例如,首先,我们使用 cudaMallocManaged
分配基于 UVM 的内存,然后使用特定的 API(POSIX 或 CUDA API)来将先前分配的内存声明为 "memory-mapped"(就像 mmap
)?或者,副 vesa(使用 mmap
分配,然后向 CUDA 驱动程序声明范围为 UVM)?
任何其他建议也将不胜感激!
2018 年 12 月 13 日更新:
不幸的是,@tera 提供的建议似乎没有按预期工作。当代码在设备上执行时,设备似乎无法看到主机上的内存!
下面是我在编译命令中使用的代码。
#include <stdio.h>
#include <stdlib.h>
#include <sys/mman.h>
#include <sys/types.h>
#include <fcntl.h>
#include <unistd.h>
#include <sys/stat.h>
#include <assert.h>
__global__
void touchKernel(char *d, char init, int n) {
int index = blockIdx.x *blockDim.x + threadIdx.x;
if(index >= n)
return;
d[index] = init;
}
void process_file(char* filename, int n) {
if(n < 0) {
printf("Error in n: %d\n", n);
exit(1);
}
size_t filesize = n*sizeof(char);
size_t pagesize = (size_t) sysconf (_SC_PAGESIZE);
//Open file
int fd = open(filename, O_RDWR|O_CREAT, 0666);
// assert(fd != -1);
if(fd == -1) {
perror("Open API");
exit(1);
}
ftruncate(fd, filesize);
//Execute mmap
char* mmappedData = (char*) mmap(0, filesize, PROT_READ|PROT_WRITE, MAP_SHARED|MAP_LOCKED, fd, 0);
assert(mmappedData != MAP_FAILED);
printf("mmappedData: %p\n", mmappedData);
for(int i=0;i<n;i++)
mmappedData[i] = 'z';
if(cudaSuccess != cudaHostRegister(mmappedData, filesize, cudaHostRegisterDefault)) {
printf("Unable to register with CUDA!\n");
exit(1);
}
int vec = 256;
int gang = (n) / vec + 1;
printf("gang: %d - vec: %d\n", gang, vec);
touchKernel<<<gang, vec>>>((char*) mmappedData, 'a', n);
cudaDeviceSynchronize();
//Cleanup
int rc = munmap(mmappedData, filesize);
assert(rc == 0);
close(fd);
}
int main(int argc, char const *argv[])
{
process_file("buffer.obj", 10);
return 0;
}
然后编译,这里是:
nvcc -g -O0 f1.cu && cuda-memcheck ./a.out
cuda-memcheck
将生成一些关于用户的输出,即线程无法到达类似于以下输出的内存地址:
========= Invalid __global__ write of size 1
========= at 0x000000b0 in touchKernel(char*, char, int)
========= by thread (2,0,0) in block (0,0,0)
========= Address 0x7fdc8e137002 is out of bounds
========= Device Frame:touchKernel(char*, char, int) (touchKernel(char*, char, int) : 0xb0)
========= Saved host backtrace up to driver entry point at kernel launch time
========= Host Frame:/usr/lib/x86_64-linux-gnu/libcuda.so.1 (cuLaunchKernel + 0x2cd) [0x24d9dd]

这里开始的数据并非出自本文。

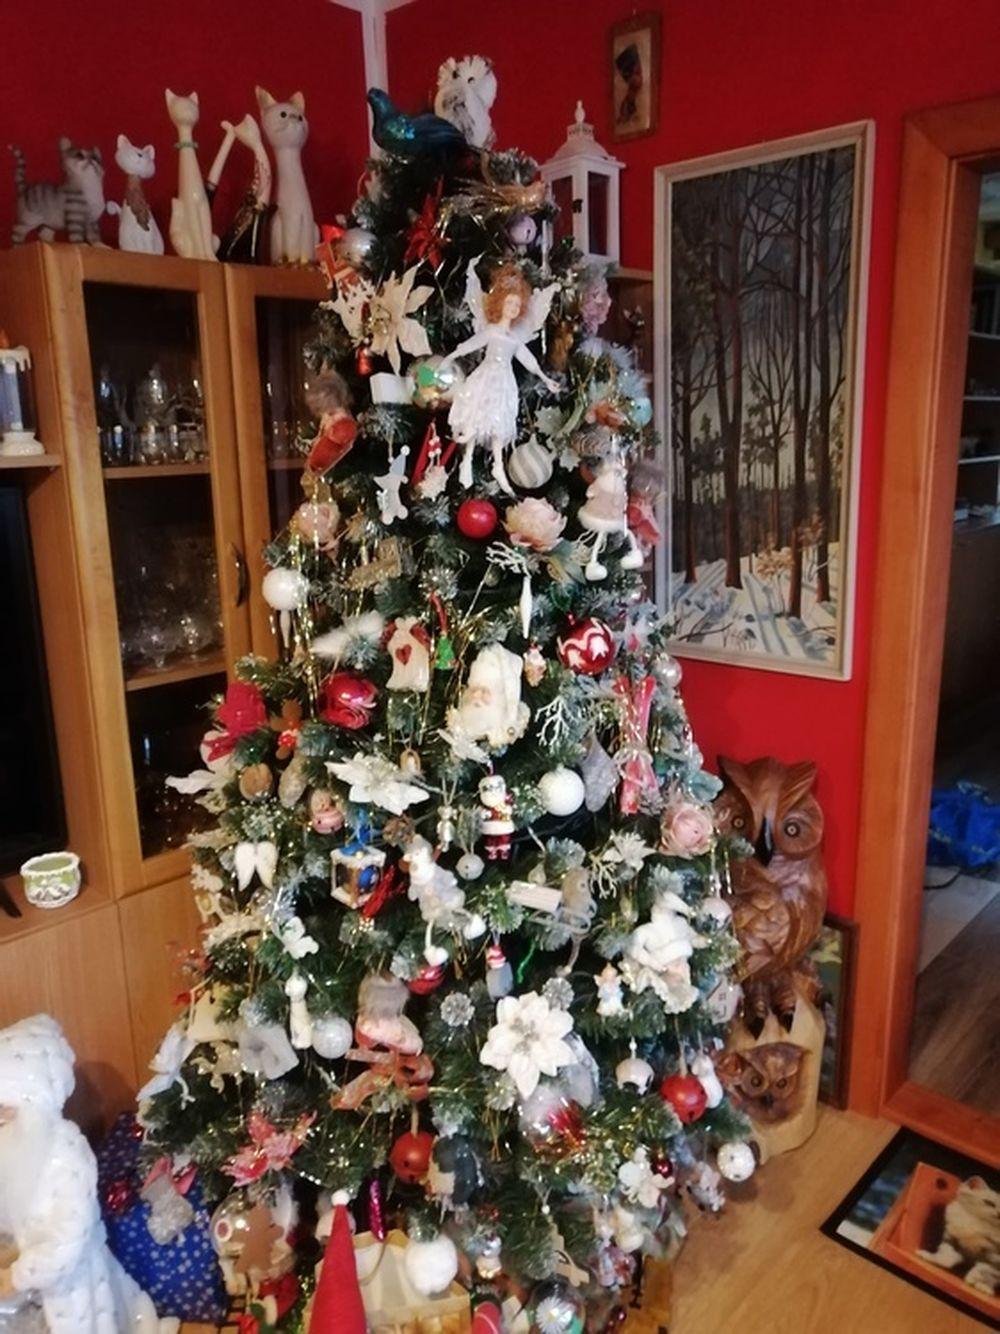 FOTO: Vianočné stromčeky v Žiline - výber fotografií našich čitateľov, foto 12

========= Host Frame:./a.out [0x22b22]
========= Host Frame:./a.out [0x22d17]
========= Host Frame:./a.out [0x570d5]
========= Host Frame:./a.out [0x6db8]
========= Host Frame:./a.out [0x6c76]
========= Host Frame:./a.out [0x6cc3]
========= Host Frame:./a.out [0x6a4c]
========= Host Frame:./a.out [0x6ade]
========= Host Frame:/lib/x86_64-linux-gnu/libc.so.6 (__libc_start_main + 0xe7) [0x21b97]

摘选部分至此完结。